I'm a bit confused with the first steps in this problem:
$F(x)=x^4$ for $0<x<1$
a) Find $E[(1/X)-1]$
b) Let $Y=(1/X)-1$. Find the support of $Y$, its pdf and CDF. Name its distribution and its parameters.
c) Compute $E(Y)$ and compare it to the result in part a.
d) Compute the variance of $Y$ (or use know formulae).
So I can tell that the CDF given is a Beta correct? With a pdf of $f(x)=4x^3$. Now to find the expected value of a) is there some sort of transformation involved here? or do I just (integrate $x \cdot ((1/X)-1)$) but that is just an equation so I don't know here I'm lost. Just looking for guidance with this problem that would be really helpful.

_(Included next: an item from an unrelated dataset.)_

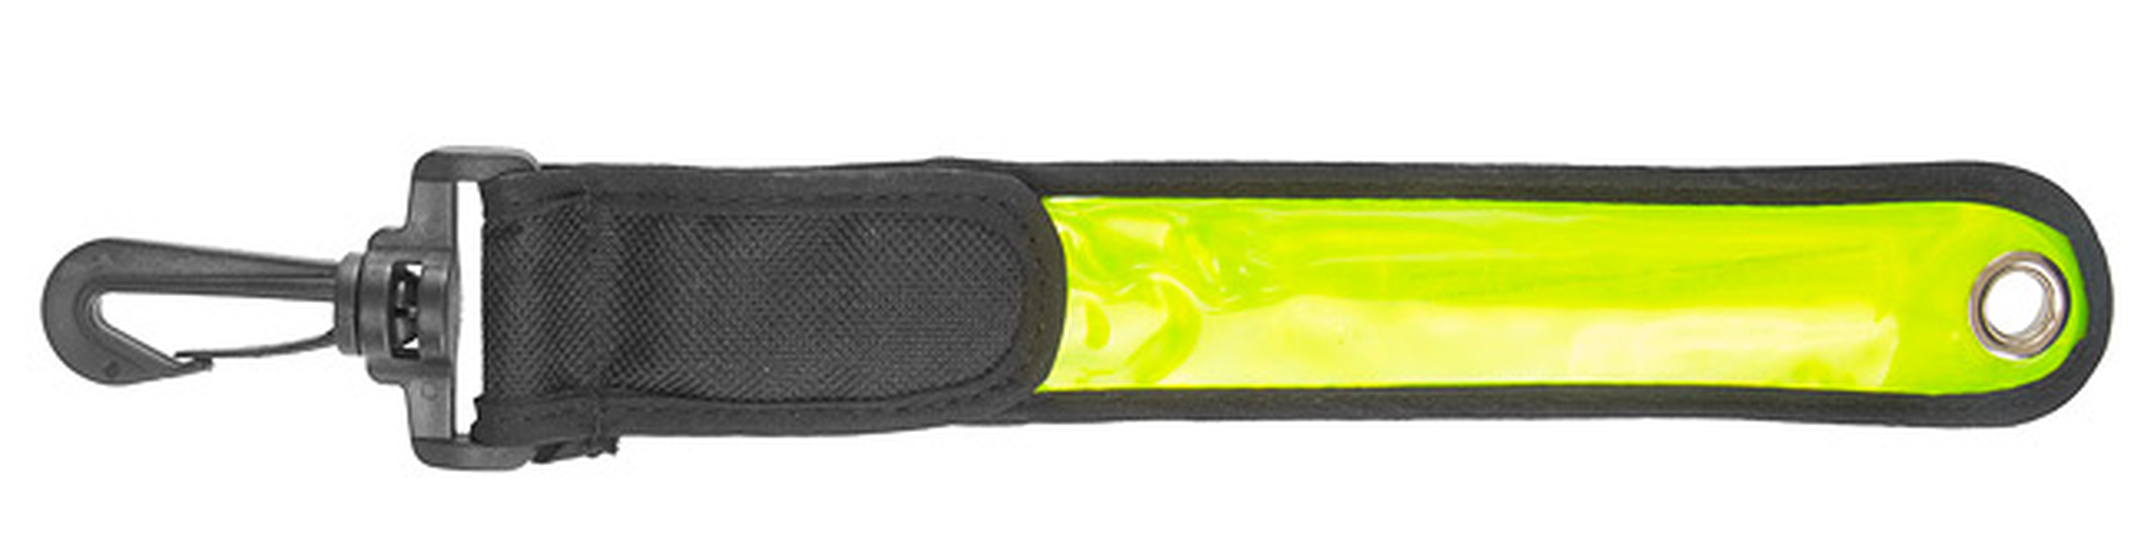 Светоотражающая полоса JY-1004 зеленая со светодиодом, арт. 560153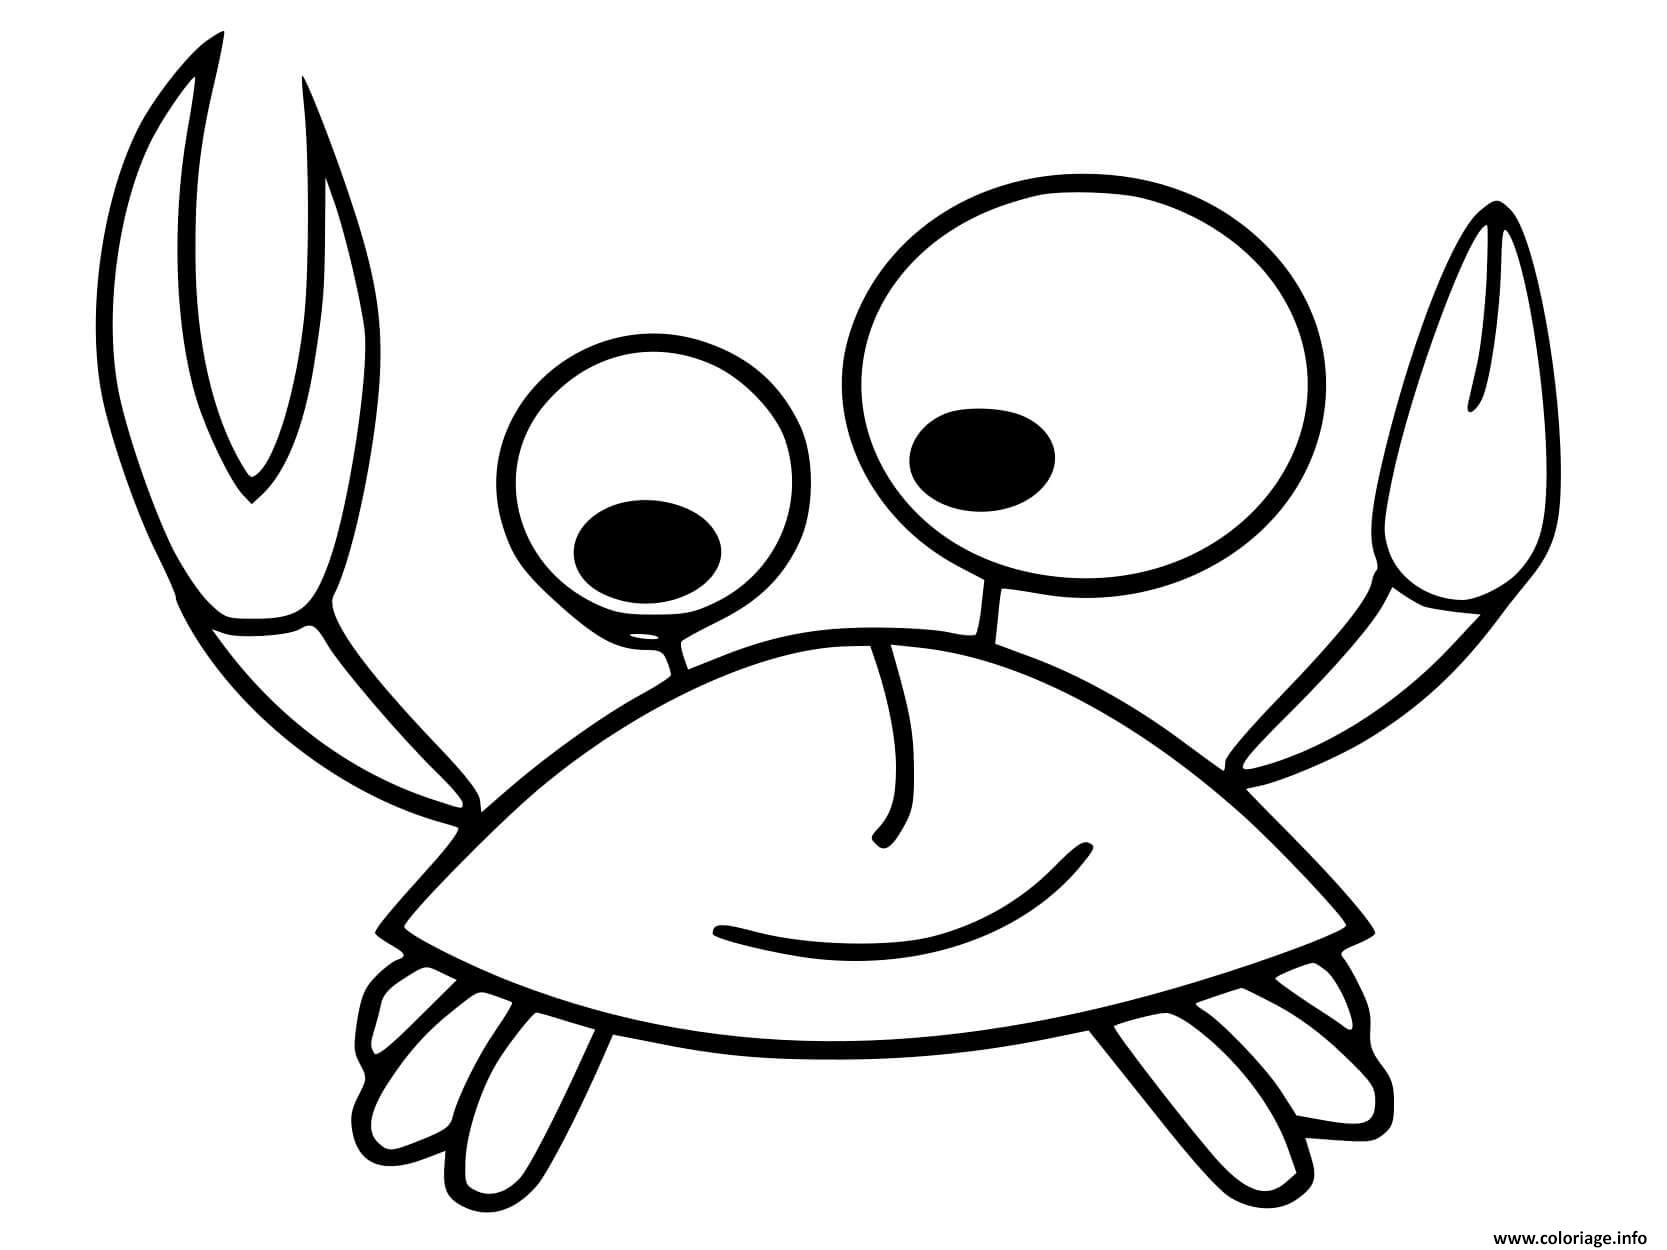 Dessin crabe facile simple Coloriage Gratuit à Imprimer

Hint: Suppose that the random variable $X$ has density function $f_X(x)$. Let $Y=g(X)$. Then (for reasonable $g$) we have $$E(Y)=E(g(X))=\int_{-\infty}^\infty g(x)f_X(x)\,dx.$$
For the variance of $Y^2$, one way is to calculate $E(Y^2)$ in basically the same way as you computed $E(Y)$, and use the fact that $\text{Var}(Y)=E(Y^2)-(E(Y))^2$.
For the distribution of $Y$, the support of $X$ is $(0,1)$, so $\frac{1}{X}$ ranges over the interval $(1,\infty)$, and therefore $Y$ ranges over $(0,\infty)$.
To find the distribution of $Y$, you can use a transformation. Or else you can compute $\Pr(Y\le y)$ directly, since for positive $y$ we have $\frac{1}{X}-1\le y$ if and only if $X\ge \frac{1}{1+y}$.